As ações de extremistas no Brasil foram comparadas às do Capitólio, nos Estados Unidos, em 2021 e criticadas por diversos líderes. As ações antidemocráticas de grupos radicais tendem a elevar o grau de insegurança com o País em um primeiro momento nos mercados ao induzir que investidores, especialmente estrangeiros, deixem de investir no Brasil. 

Porém, a desconfiança não deve gerar pânico, como afirmam os entrevistados pelo Broadcast, da Agência Estado. Isso porque eles avaliam com bons olhos a postura firme do governo federal, a indicação de união entre o Estado, entes regionais e a Suprema Corte, mesmo que isso possa ser um teste de governabilidade ao presidente Lula. 

A dúvida – e o que pode elevar o grau de estresse e volatilidade – é saber se o governo conseguirá conter de fato as ações. Por isso, os investidores vão monitorar com afinco os desdobramentos dos ataques de ontem na capital federal e as eventuais novas ações de Lula, que se reúne com a ministra Rosa Weber (STF) e governadores.

Reação das entidades empresariais

Entidades de classe de São Paulo e do Rio de Janeiro emitiram notas repudiando os atos de vandalismo.

O Centro das Indústrias do Estado de São Paulo (Ciesp) afirmou que atos antidemocráticos contra os poderes constituídos da República, vandalismos e ataques ao patrimônio público agridem o estado de direito, e que o Brasil precisa de paz para produzir e voltar a crescer.
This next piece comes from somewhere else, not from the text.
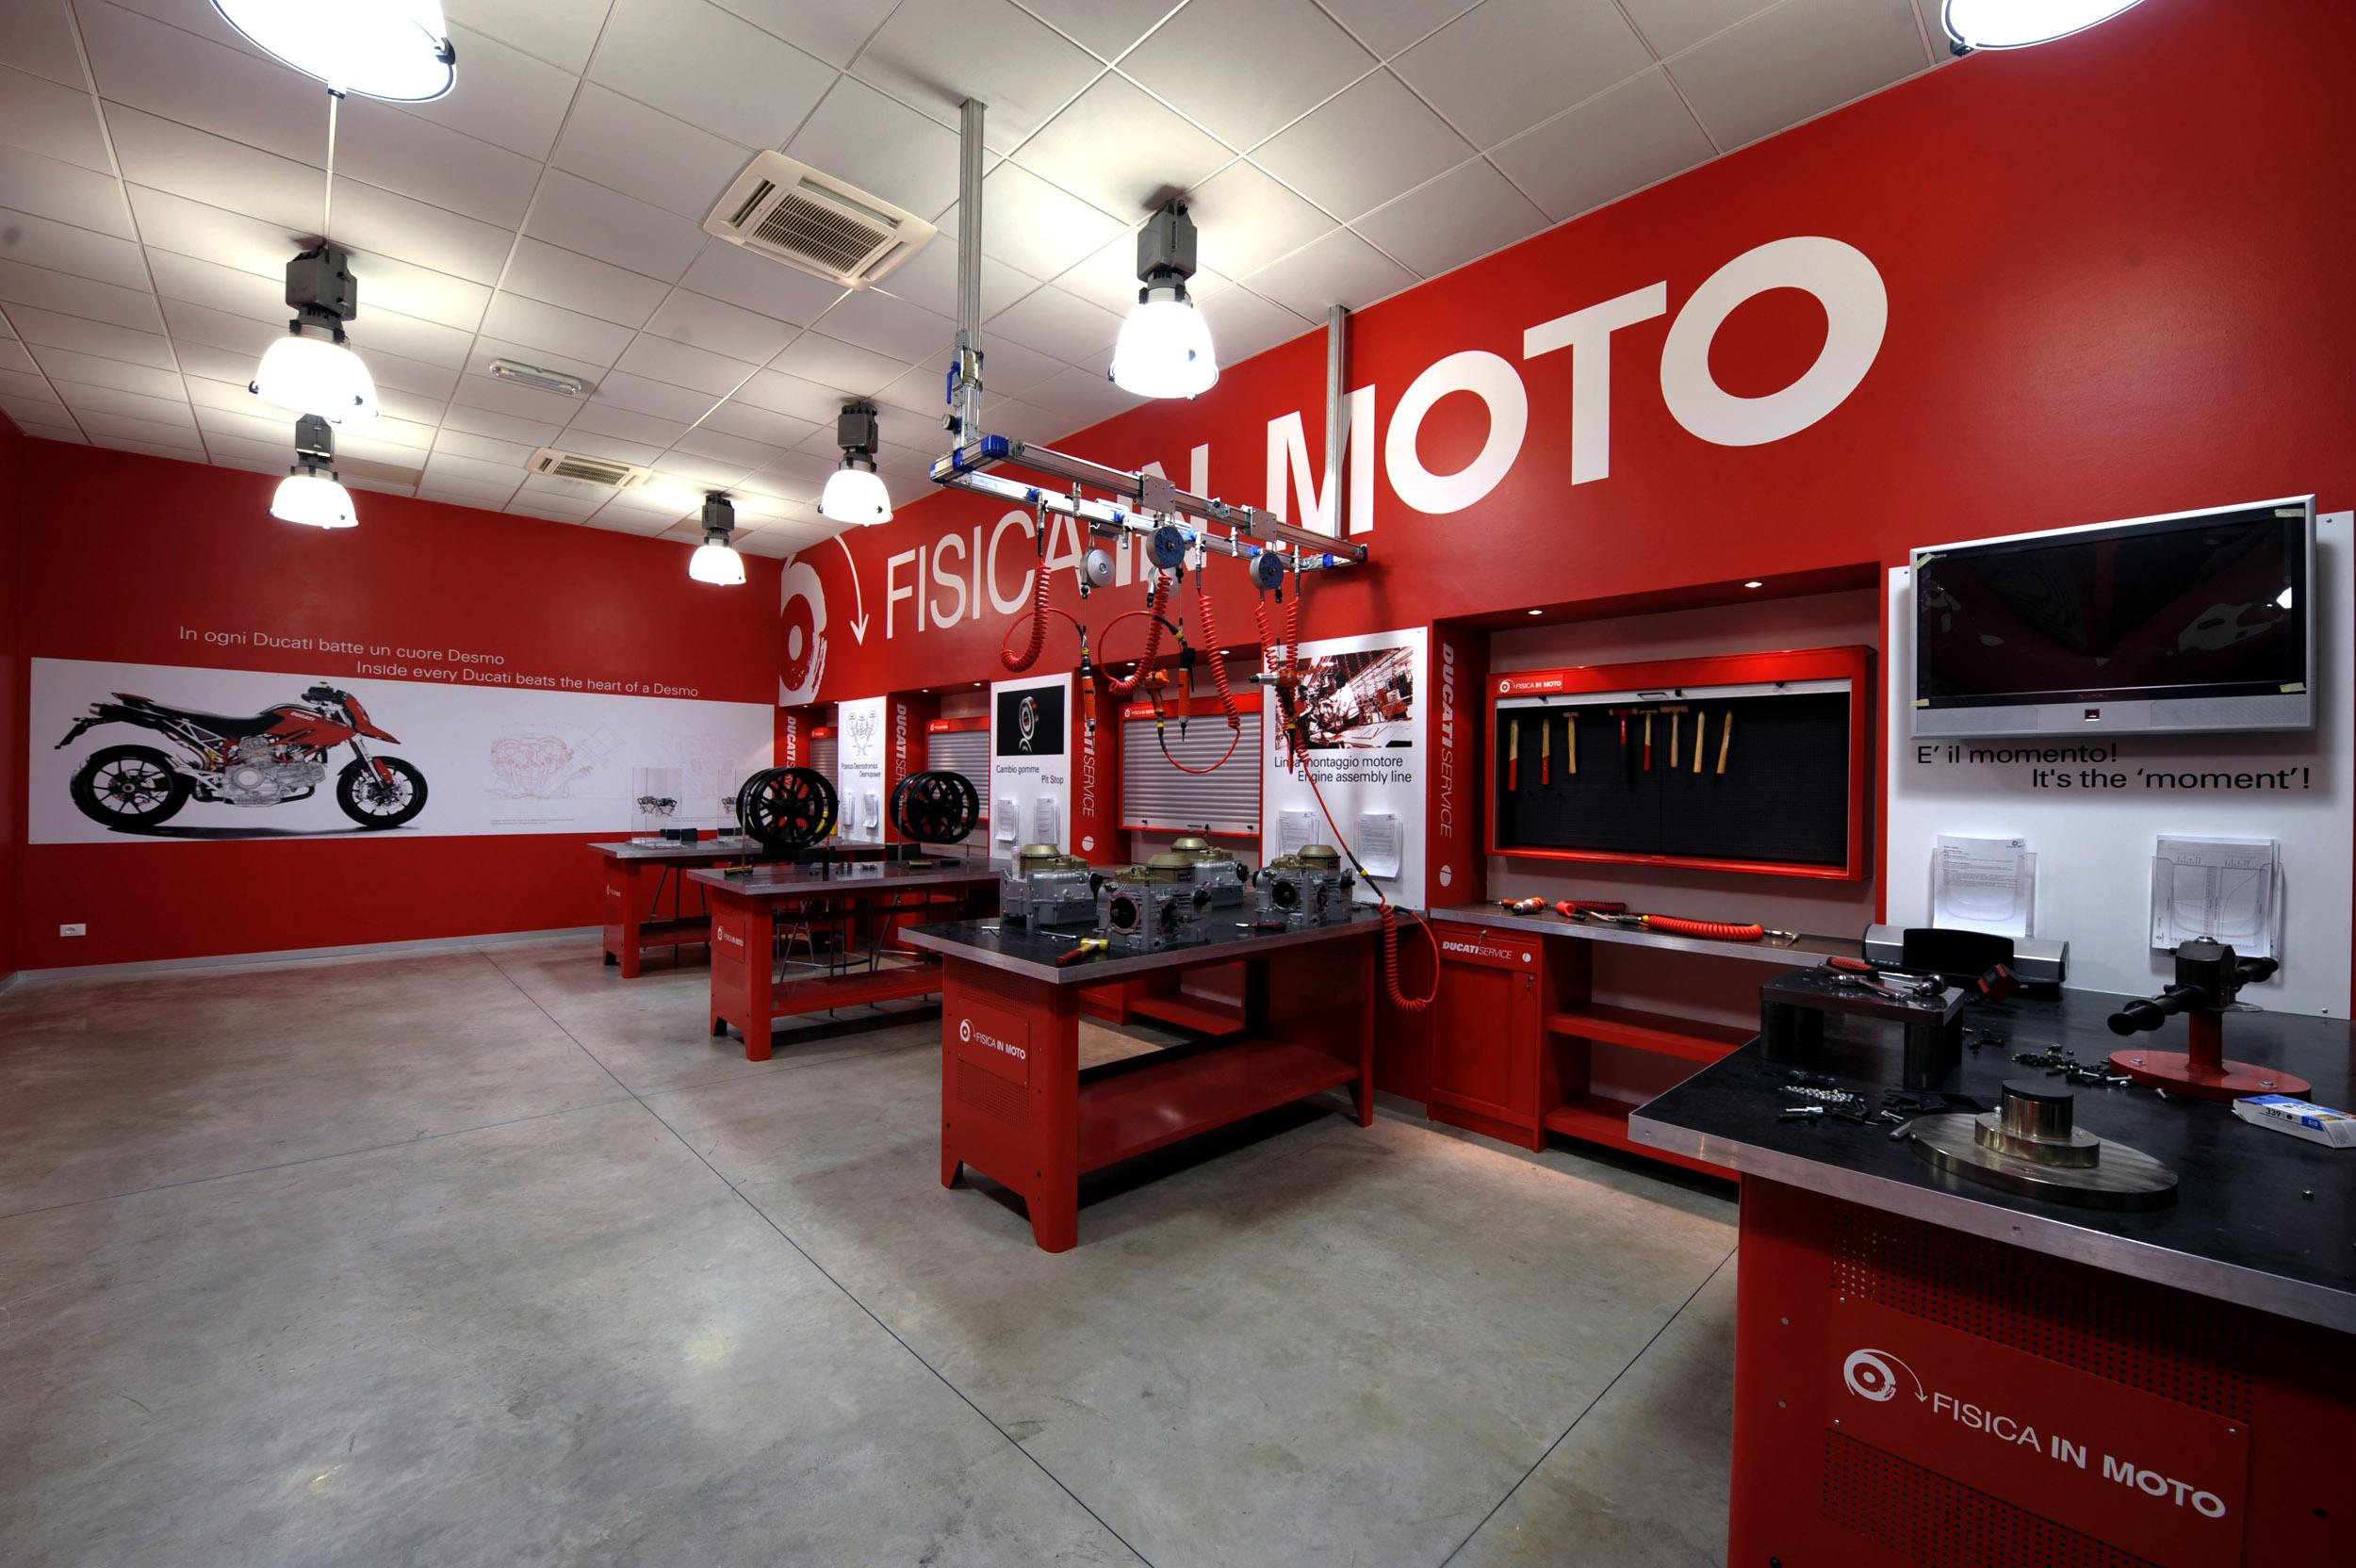 200630 Fisica in Moto laboratory (3)

Também a Federação das Indústrias do Rio de Janeiro (Firjan), destacou que os atos são condenáveis e extrapolam os limites da democracia.

Punição exemplar é o que também exige a Confederação Nacional das Indústrias, enquanto a Confederação Nacional do Comércio de Bens, Serviços e Turismo (CNC), disse confiar na apuração e punição dos responsáveis pelos crimes praticados contra a decisão manifestada nas urnas pela sociedade brasileira.

EUA, França, Canadá e autoridades da União Europeia (UE) se posicionaram contra os atos. “A democracia está sob ataque, mas é mais forte que seus inimigos”, escreveu em sua conta no Twitter o comissário da União Europeia para Economia, Paolo Gentiloni.

Ibovespa agora

O Ibovespa caia 0,76% na mínima, a 108.134,33 pontos, logo após a abertura mas, às 10h42, reduziu o ritmo de queda, chegando até a testar alta leve, de 0,25%, na máxima aos 109.237,66 pontos, à medida que as ações ligadas a commodities tentam subir, na esteira do petróleo.

O dólar à vista ainda avança, mas um pouco distante da máxima diária, enquanto os juros futuros vão na mesma linha. Ações da Suzano, Klabin e Embraer sobem amparadas pela valorização do dólar.

Já os papeis da Petrobras estavam em alta de 0,85% (ON) e 0,34% (PN), às 11h27. O Ministério de Minas e Energia garantiu, por meio de nota, a normalidade no abastecimento de combustíveis.